Process parameters Poloxamer 407 (Examples 11-13) water 592.1 kg Acetic acid 47.4 kg Poloxamer 150 kg pH <2.8 Interaction time > 24 hours <1 week Starting material 50 kg Inflow air flow rate 4000-5000 ㎥ Inlet air temperature 48-52 ℃ Product temperature <47 ℃ Injection pressure 3.8-4.2 bar Injection flow rate 700-900 g / min

Analysis

Three batches of poloxamer 407 were purified according to the method of process parameters given above. The concentrations of aldehydes are given in the table below.

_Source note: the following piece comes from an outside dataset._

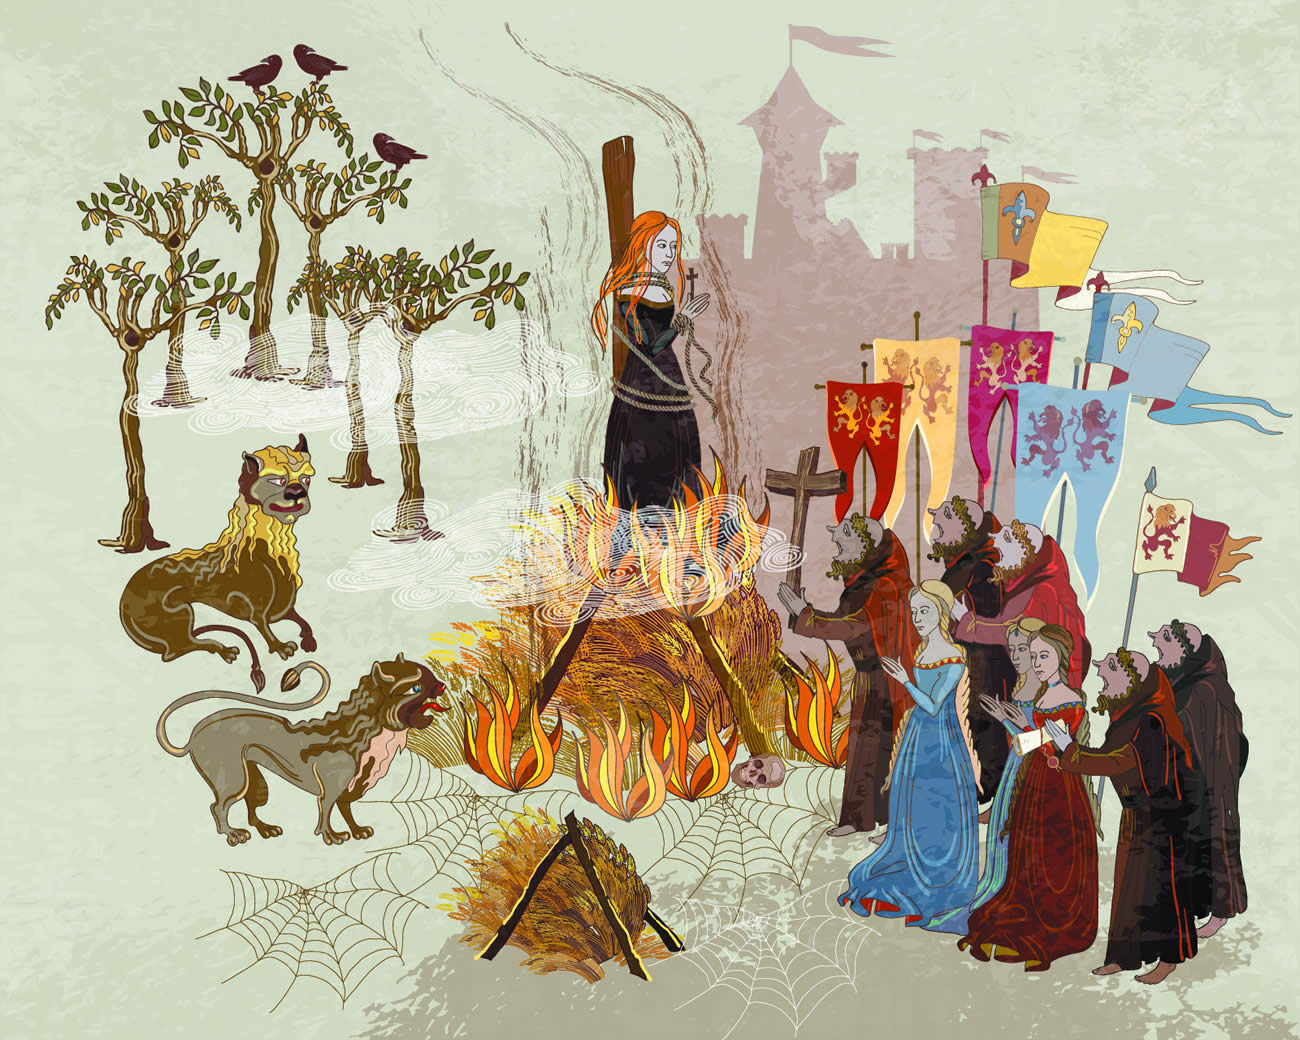 Ilustración representando la cacería de brujas durante la Inquisición

Batch Formaldehyde μg / g Acetaldehyde μg / g Propionaldehyde μg / g Poloxamer 407 5.2 3.0 x 10 ² 1.3 x 10 ³ Example 11 Poloxamer 407 <1.9 <20 <48 Example 12 Poloxamer 407 2.1 <20 <48 Example 13 Poloxamer 407 <1.9 <20 <48

The above examples show that using the method according to the invention, the concentrations of aldehydes, specifically acetaldehyde and propionaldehyde, in both poloxamer 407 and 188 are reduced. It has also been found that all acids, hydrochloric acid, acetic acid and citric acid can be used in the process of the invention. In addition, it has been demonstrated in this embodiment that the solution can be dried by many different methods such as helium purging, evaporation with nitrogen, vacuum evaporation or fluid bed drying.

Claims (21)

(i) dissolving the poloxamer (s) optionally in a solvent which may contain an acid or acid mixture, (ii) if the solvent in which the poloxamer (s) were dissolved did not contain an acid, add acid, and (iii) A process for purifying an aldehyde containing poloxamer comprising removing the aldehyde. The method of claim 1 wherein the poloxamer is one of poloxamer 188 or poloxamer 407, or a mixture thereof. The method of claim 1 wherein the solvent is water or alcohol. The method of claim 3 wherein the solvent is water. The method of claim 1 wherein the concentration of poloxamer dissolved in the solvent is from 5 to 21% by weight. The method of claim 5 wherein the concentration of poloxamer is 15% by weight. The method of claim 1 wherein the temperature of the mixture of solvent and poloxamer is below room temperature. 8. The method of claim 7, wherein the temperature of the mixture is from 0 to +10 ° C. The method of claim 1 wherein the acid is selected from hydrochloric acid, acetic acid, citric acid. The method of claim 9 wherein the acid is acetic acid. The method of claim 1 wherein the pH after adding the acid to the solution is 1-7. The method of claim 11 wherein the pH is between 1.3 and 6. The method of claim 1 wherein aldehyde is removed by passing a stream of helium or nitrogen through the solution. The method of claim 1, wherein the aldehyde is removed by vacuum evaporation. The method of claim 1 wherein the aldehydes are removed by fluid bed drying. The method of claim 1 wherein the solution is boiled to remove aldehydes. The method of claim 1 wherein the aldehydes removed are formaldehyde, acetaldehyde and propionaldehyde. 18. The method of claim 17, wherein the aldehydes removed are acetaldehyde and propionaldehyde. delete (i) dissolving the poloxamer (s) optionally in a solvent which may contain an acid or acid mixture, (ii) add acid if the solvent in which the poloxamer (s) is dissolved does not contain an acid, (iii) reacting the phloxamers with an acid solution at room temperature or lower, (Iii) removing the impurities by evaporating the solvent below the melting temperature of the poloxamers. 21. The method of claim 20, wherein said evaporating step comprises fluid bed drying at a temperature lower than 47 &lt; 0 &gt; C.